A looming disruption that could fundamentally change my career is a familiar experience. My first job was in the newspaper business, and I know what a struggling industry looks and feels like. And ChatGPT feels like a threat in the same way dwindling ad dollars felt a decade ago. 

But is it? 

What It's Like to Work in a Dying Industry 

As a journalist, the first thing I saw was a staff reduction. When I started as an intern, our small-town newspaper had a publisher, managing editor, designer, four salespeople, five writers, and three admins. By the time I hired as a full-time employee after graduation, the designer and managing editor were gone, with no plans to replace them. 

We were down to two writers and three salespeople when I to freelance a few years later. Today, the paper has even fewer people, and the Claremore Daily Progress is no longer daily.  I often wonder if they've redesigned the inside. Or maybe they walk into a ghost town of cubicles as a constant reminder of what was.

The saddest part is that the paper is lucky to be open. The Edmond Daily Sun, one of the oldest newspapers in Oklahoma., wasn’t so lucky and it closed its doors forever after 130 years. It was devastating to be honest. Maybe in part because I was a contractor for them for a few years, but I wasn’t grieving the loss of jobs (because that happens all the time). It felt like the end of something good for the community. I wonder what stories go untold and what history will be lost to time and memory. 

But did the news die? No. It's different.

Newspapers were hard to change. The ones that didn't move to more digital productions or lean into social media to promote stories were left behind. Will ChatGPT eventually do the same to the content marketers? I'm not sure. 

It's Not a Budget Crisis; It's a Time Crisis 

ChatGPT (and every other new AI that follows) will change writing, just like social media and the internet changed journalism. I am confident that is true because it already alters my approach. 

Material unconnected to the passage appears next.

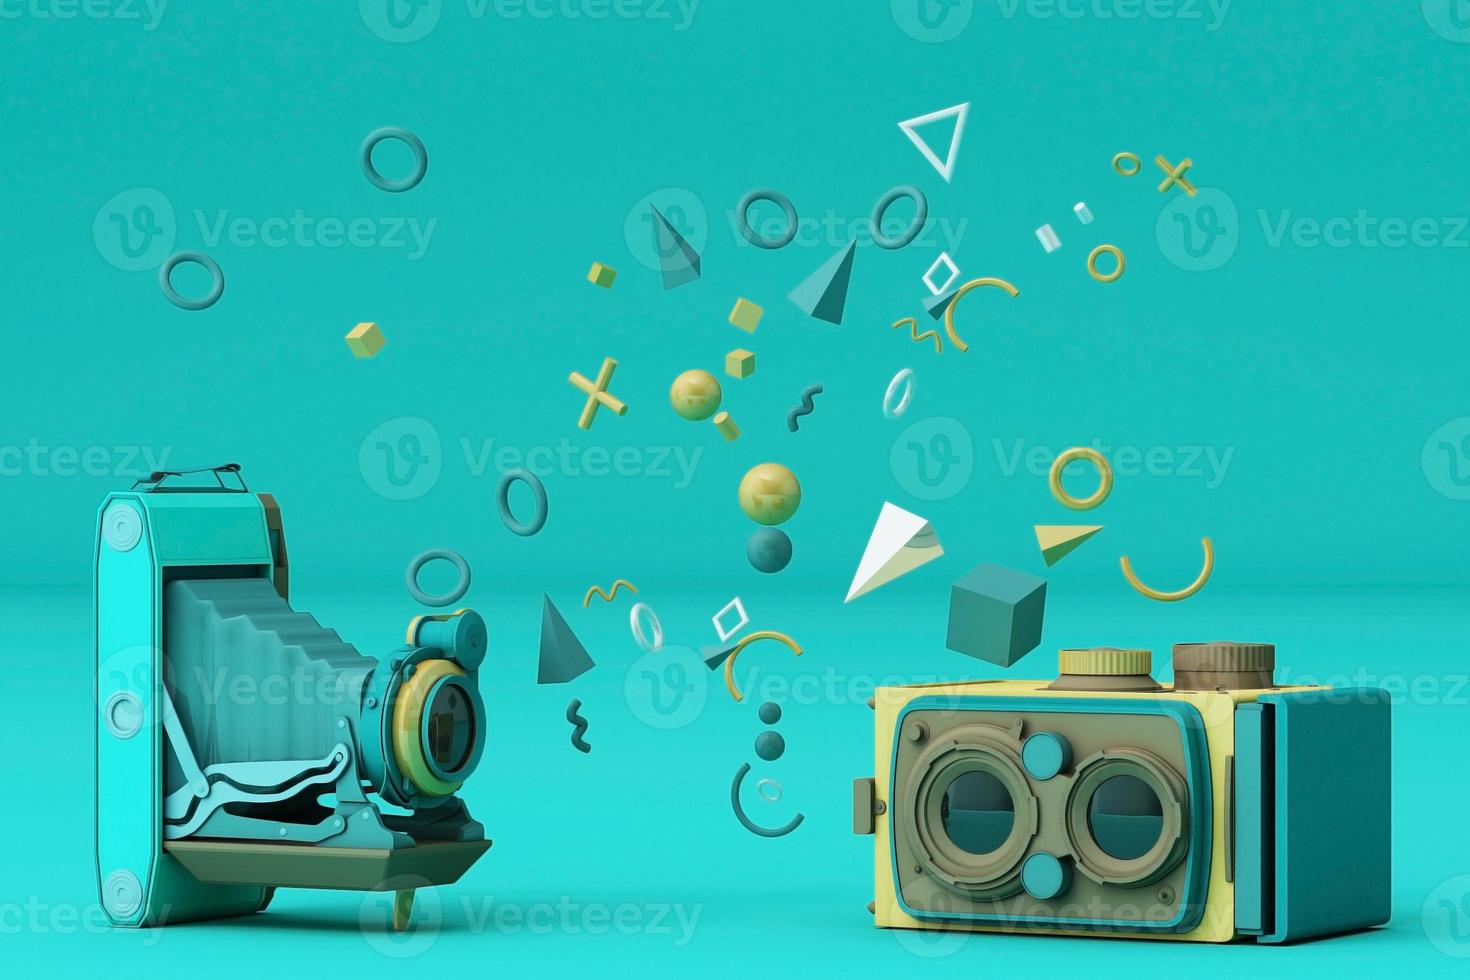 Colorful vintage camera surrounding by memphis pattern on a pastel background. 3d render. photo

Business leaders sometimes predict it will save time and "time is money." And if it takes half the time to write an informational blog, you should have double the output for the same price. Or, maybe if one person can do the job of two, we'll start seeing those early signs of staff reductions. If I am honest with myself, it’s already happening.

Will this change cost me what I love? Instead of hand-weaving sentences together, will I become a factory worker pushing a button to mass produce a product in a way that would impress Henry Ford? 

But we all know that mass-produced art isn't as impressive or as interesting. We might decorate our homes in cute prints we pick up at TJ Maxx, but we don't talk about it the same way we would a hand-painted piece we curated because it moved us in some way. 

So who's going to be a mass producer, and who will have the privilege of being an artist (without starving)? 

The reality is I can absolutely do more (or at least think better) with generative AI. But the big question is, “Can AI just do better without me holding its hand and taking just as much time?” Right now, the answer isn't always yes.

Writing as a New Mixed Media Art 

When I was in college, I worked part-time at an art store. I often found myself enamored with the mixed media section. I like it because it's all about pushing boundaries and using unexpected materials in unexpected ways. 

While AI-generated content often feels sterile and mechanical, maybe it's only one piece of the final output. Or at least that's how I am using it today.  

I heavily lean on my intuition and experience, but at the same time, I utilize AI tools as part of my creative process. My goal is to use it to work better (which doesn’t always mean faster) and to avoid sacrificing the originality and voice. I believe (hopefully not naively) that I can still practice my art without becoming a factory worker who churns out mass-produced blog posts devoid of original human experience.

Storytelling as a New Gold Standard 

I am most concerned about the concept of informational or technical writing. The heartbeat of content marketing for the last decade was, "They ask, you answer." 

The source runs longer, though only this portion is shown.